- South Carolina has launched a free coding education platform, SC Codes, which allows state residents to learn the skill. The platform is structured to meet the needs of beginners to advanced learners, from elementary school students to adults. The platform is available free-of-charge to any resident with access to the internet.
- The program, which was developed in cooperation with local nonprofit Build Carolina, offers an assortment of coding curricula. Residents can access all materials online, but they can attend cohort-style and classroom-led sessions at participating community partners.
- "Our ability to compete in the global economy will rely on the availability of an educated, job-ready technology workforce in South Carolina," South Carolina Secretary of Commerce Bobby Hitt said in a statement. "SC Codes will help us develop such talent, preparing the citizens of this state for the jobs of tomorrow."
Other states have tackled the skills gap with initiatives similar to South Carolina's. Indiana was chosen for the Colorado-based Skillful initiative and is also part of the 20-member Skillful State Network. Skillful Indiana targets job seekers and employees in an effort to improve their digital fluency. The project focuses on those with diverse backgrounds and education levels and experiences.

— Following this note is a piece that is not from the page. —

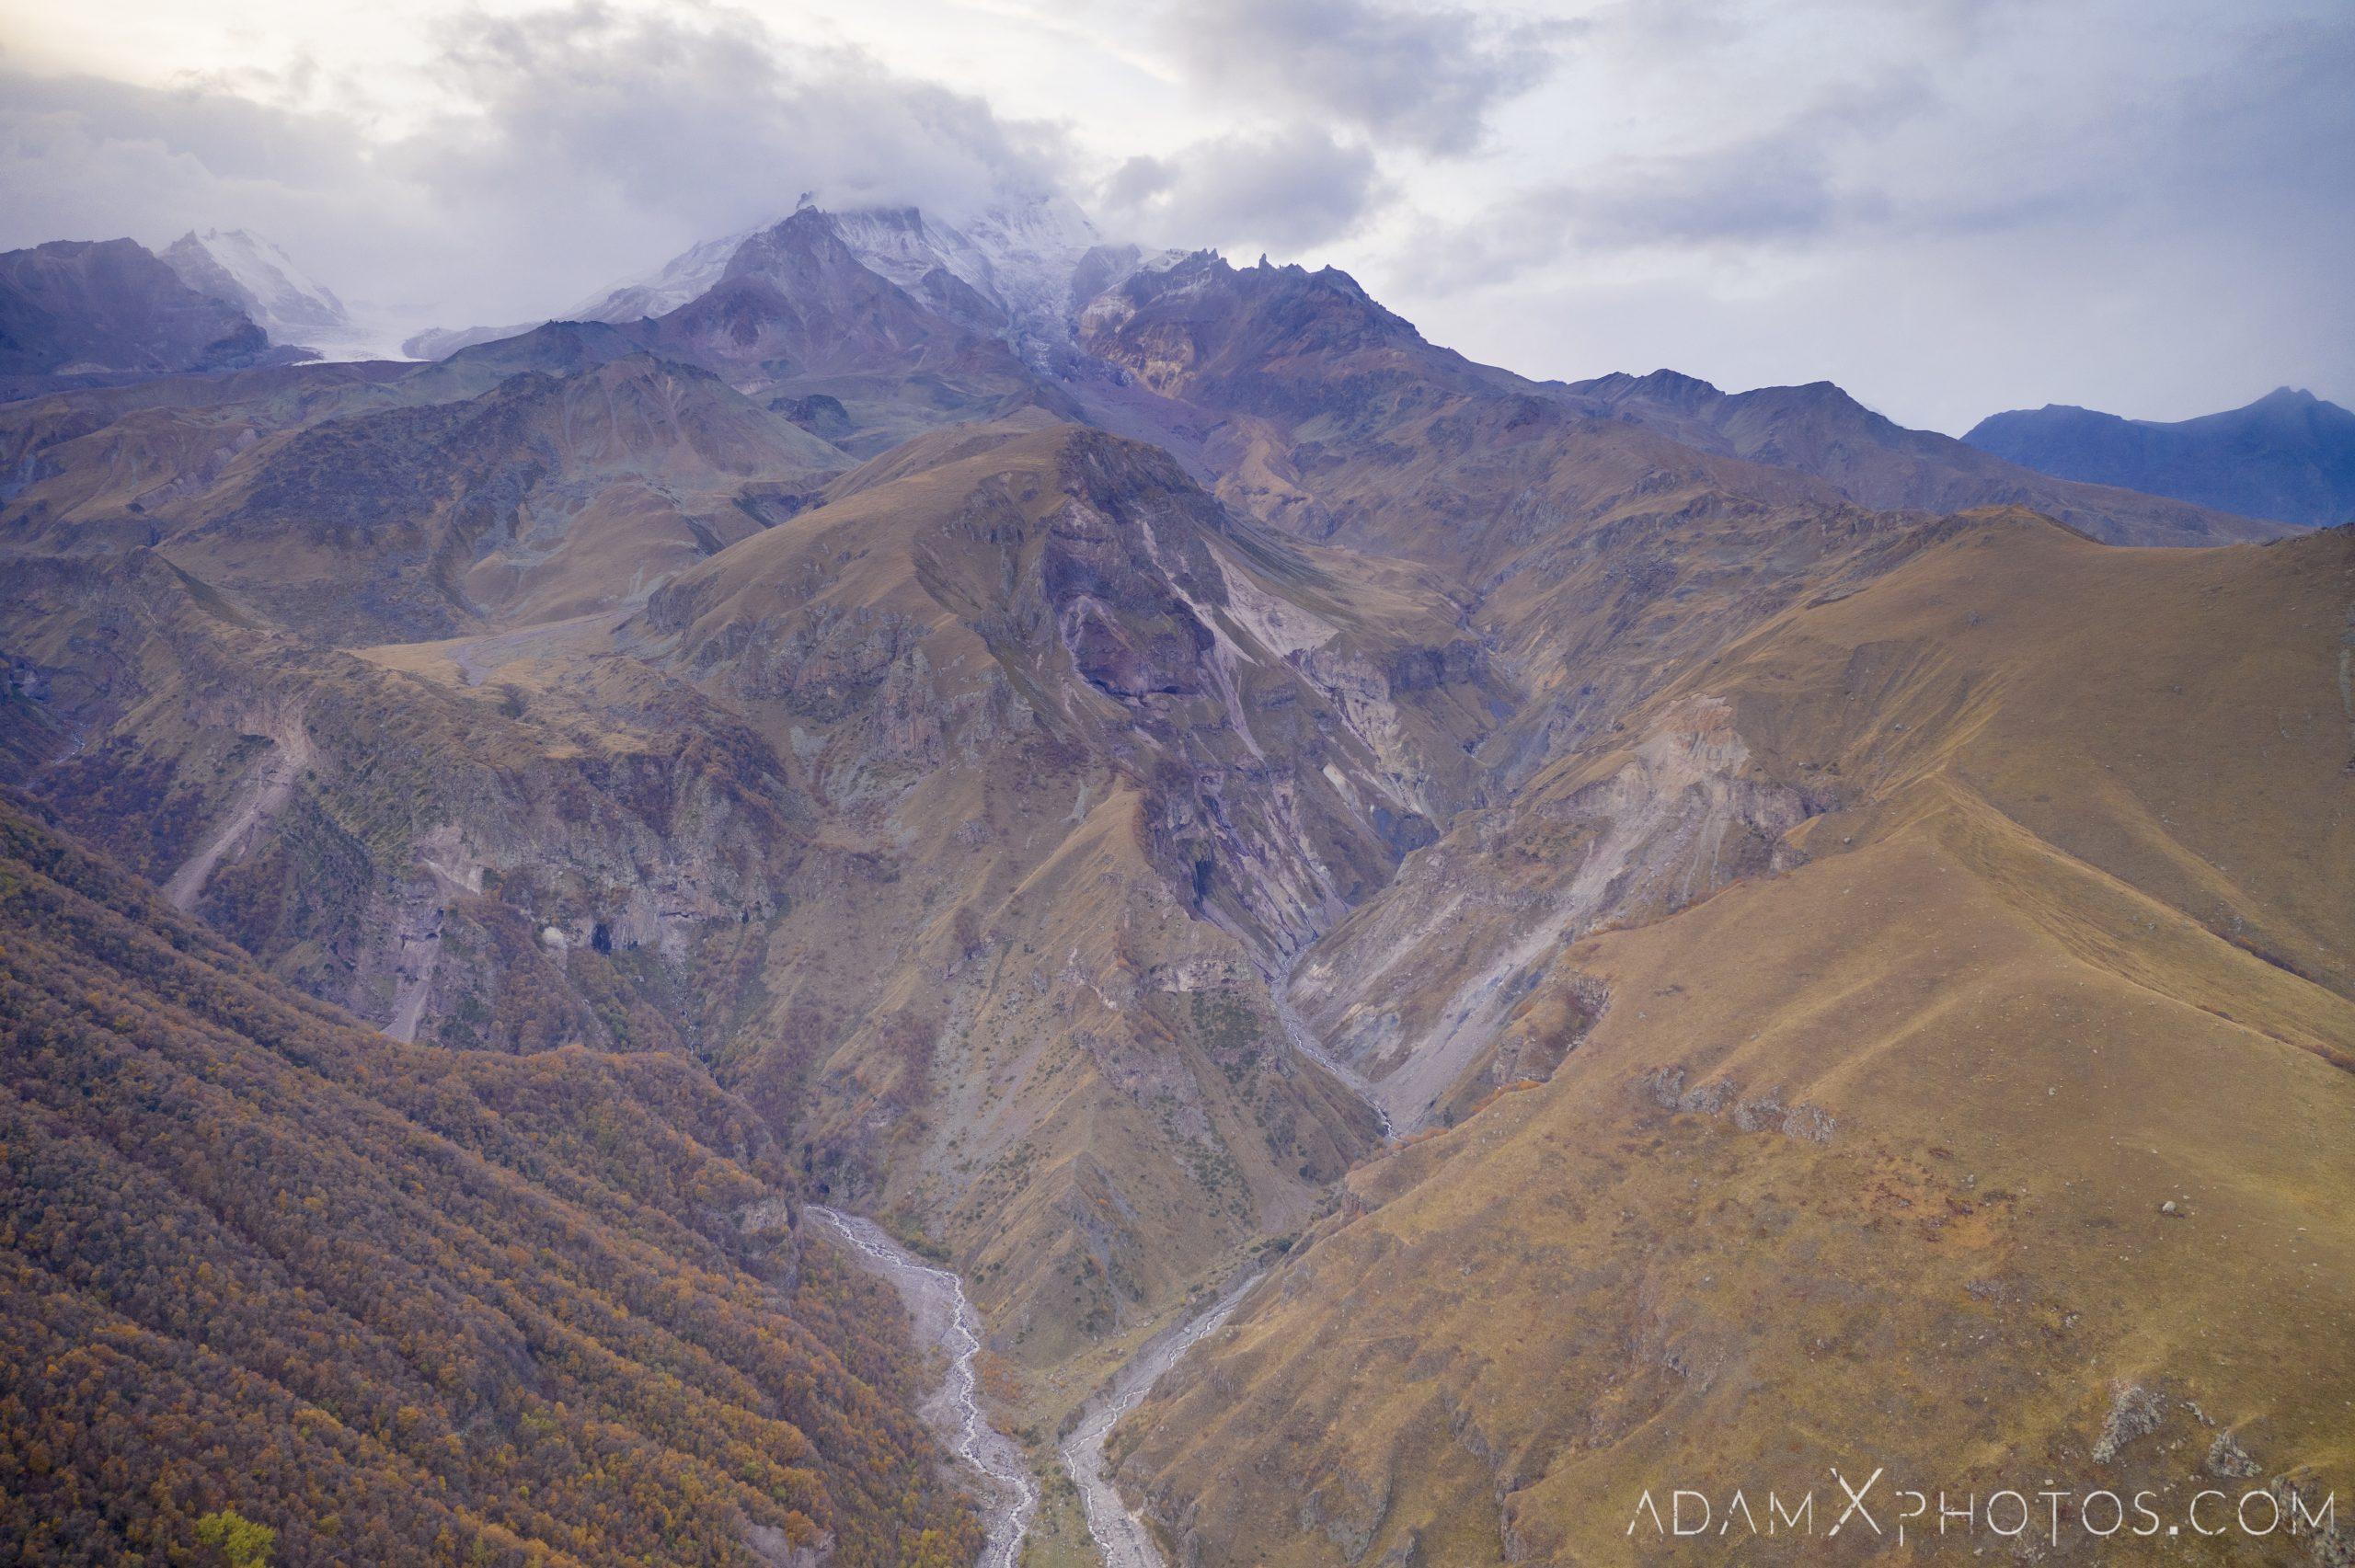 Gergeti Mountains Drone Kazbek Georgia Adam X AdamXPhotos Urbex Urban Exploration 2018 Abandoned ruins lost forgotten derelict location
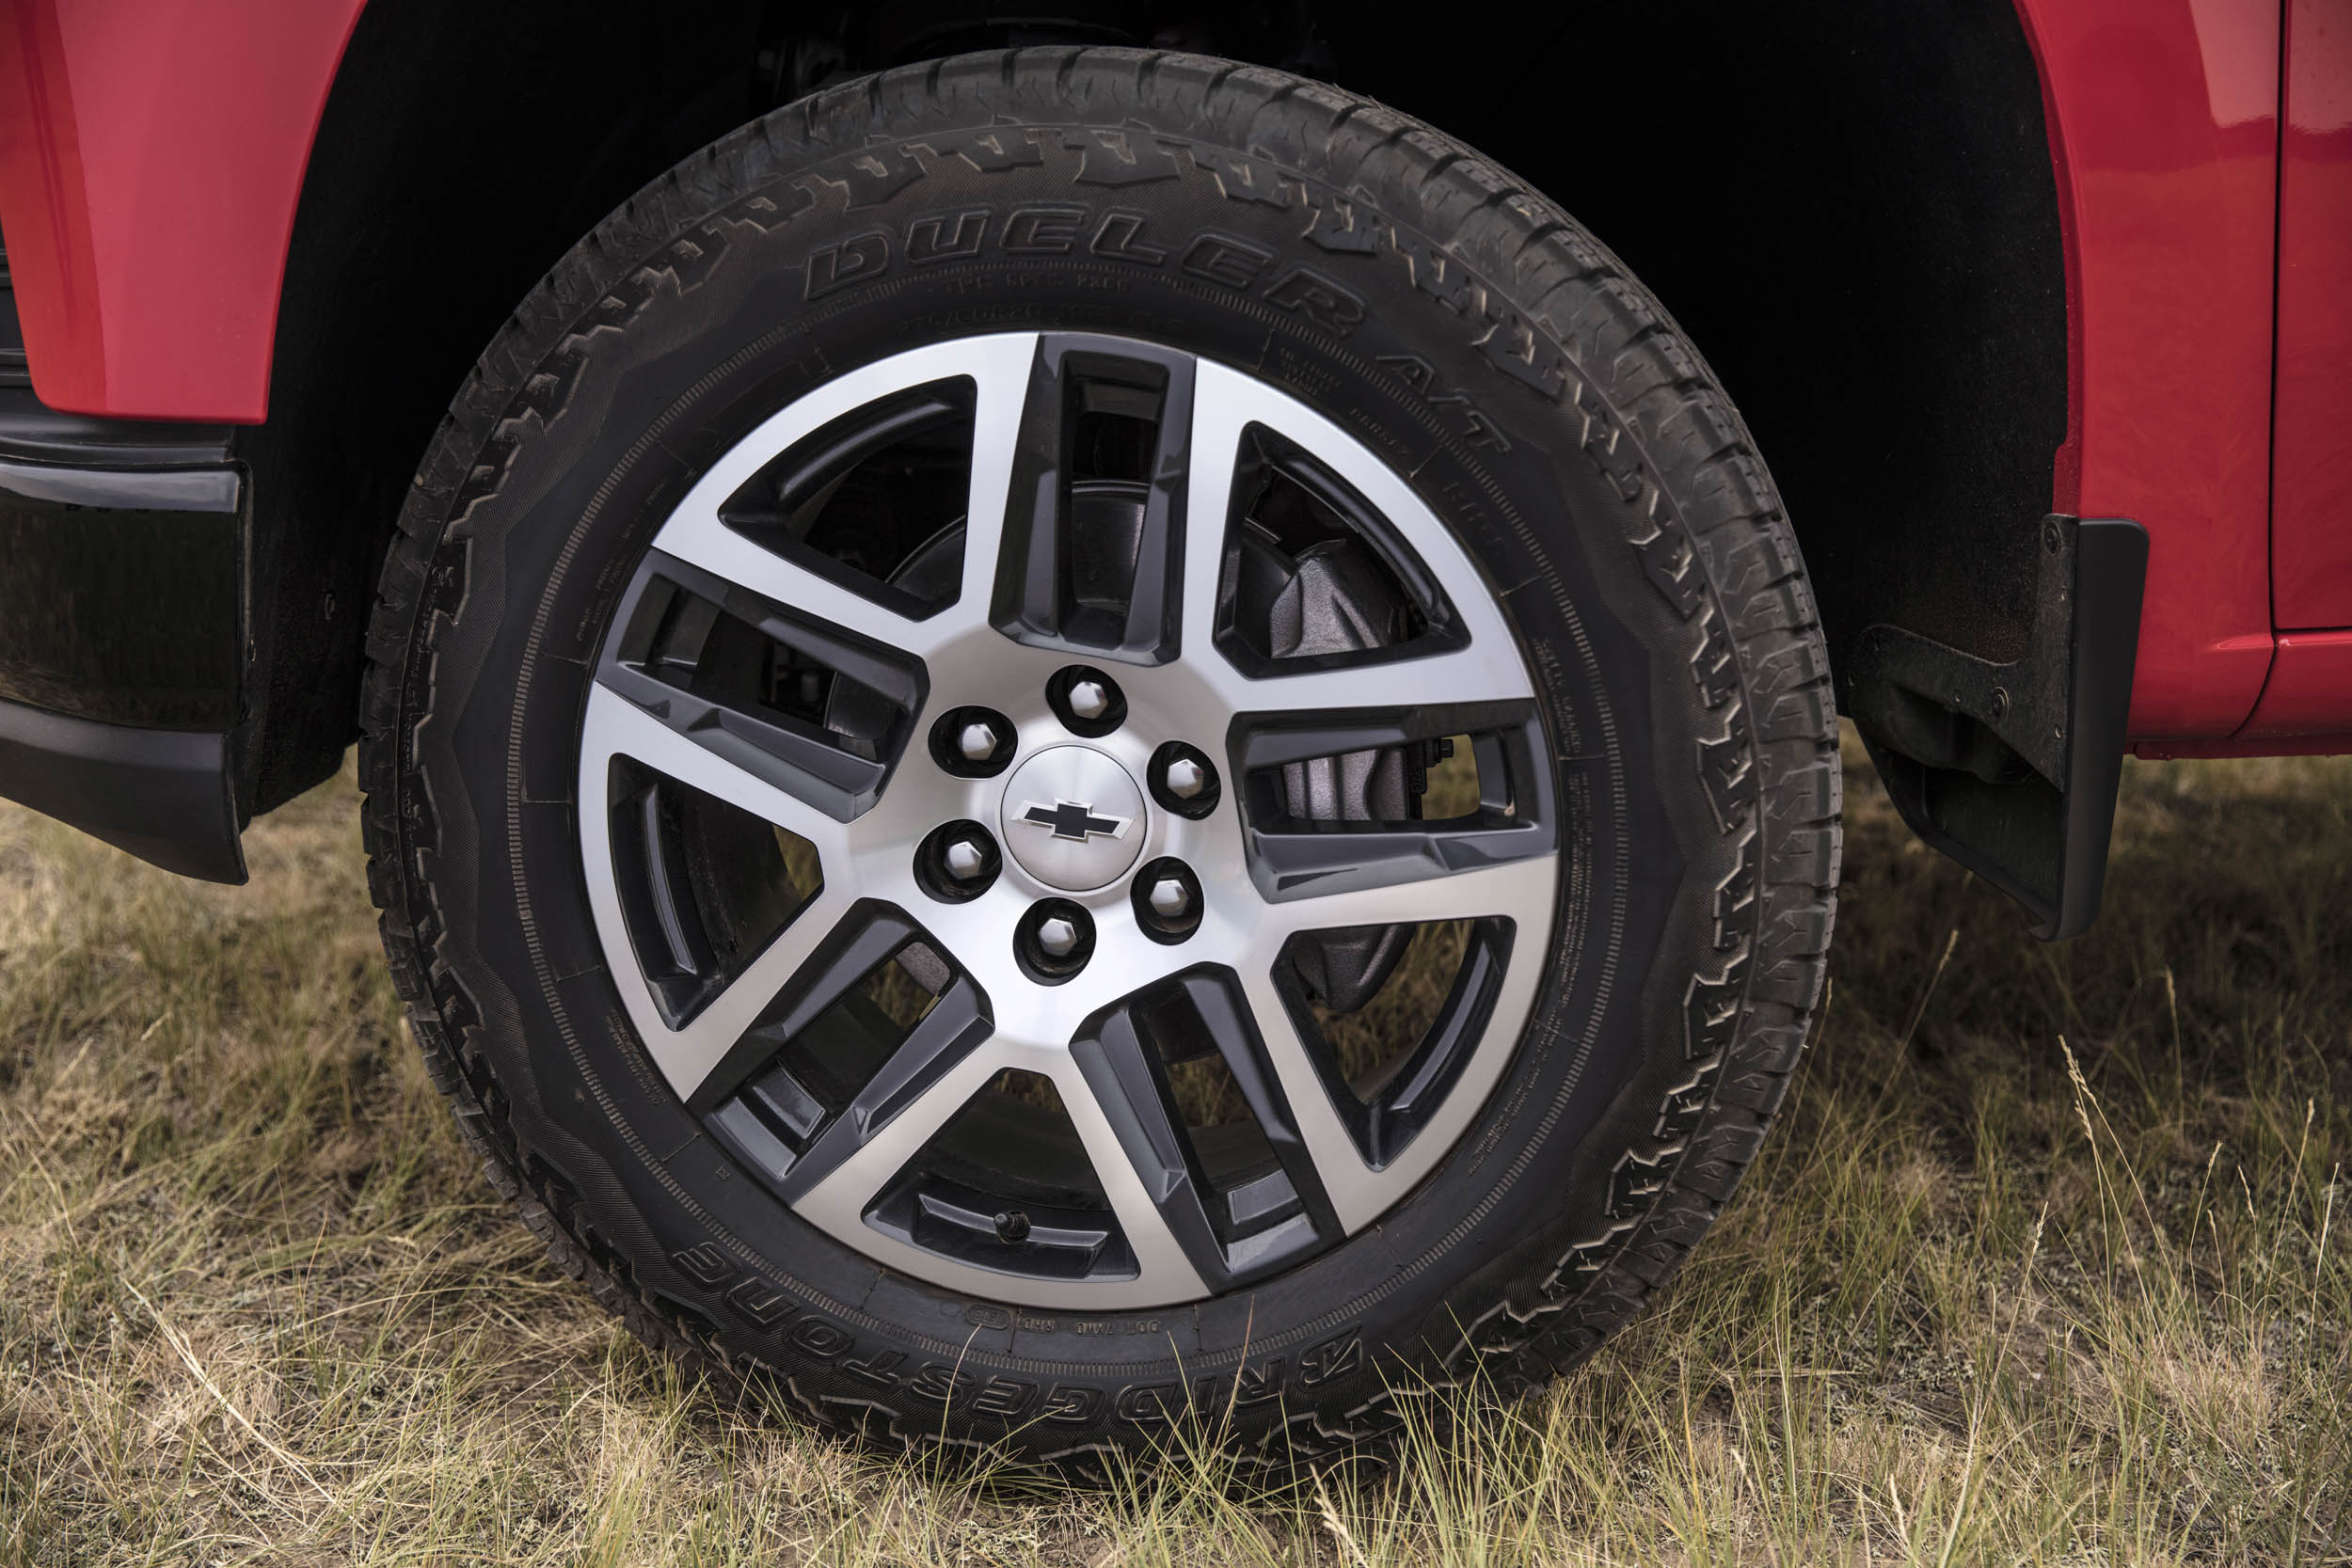 2019 chevrolet silverado Trail Boss tire

Talent shortages in tech have put pressure on employers across the country. To address the problem, many states and NGOs have searched out ways to upskill displaced workers or those whose jobs may have been challenged by the tech revolution. Bootcamps for adult learners have gained popularity, and community groups and government organizations are prioritizing coding education in their upskilling efforts.
More employers are focusing on diversity as part of the development process, as well. A report from Stanford University researchers found that company representatives in the tech industry have created a "chilly environment" that female STEM candidates must traverse as job seekers. In an effort to recruit a more diverse slate of candidates, tech firms have not only appealed to job seekers, but they have also reached out to those who might someday be candidates. In March, more than 100 tech companies participated in SheTech Explorer Day, a STEM activation program for girls and women put on by the Women Tech Council. The event introduced more than 2,500 girls to STEM careers.
Correction: An earlier version of this story incorrectly described the initiatives with which Indiana is involved. HR Dive regrets the error.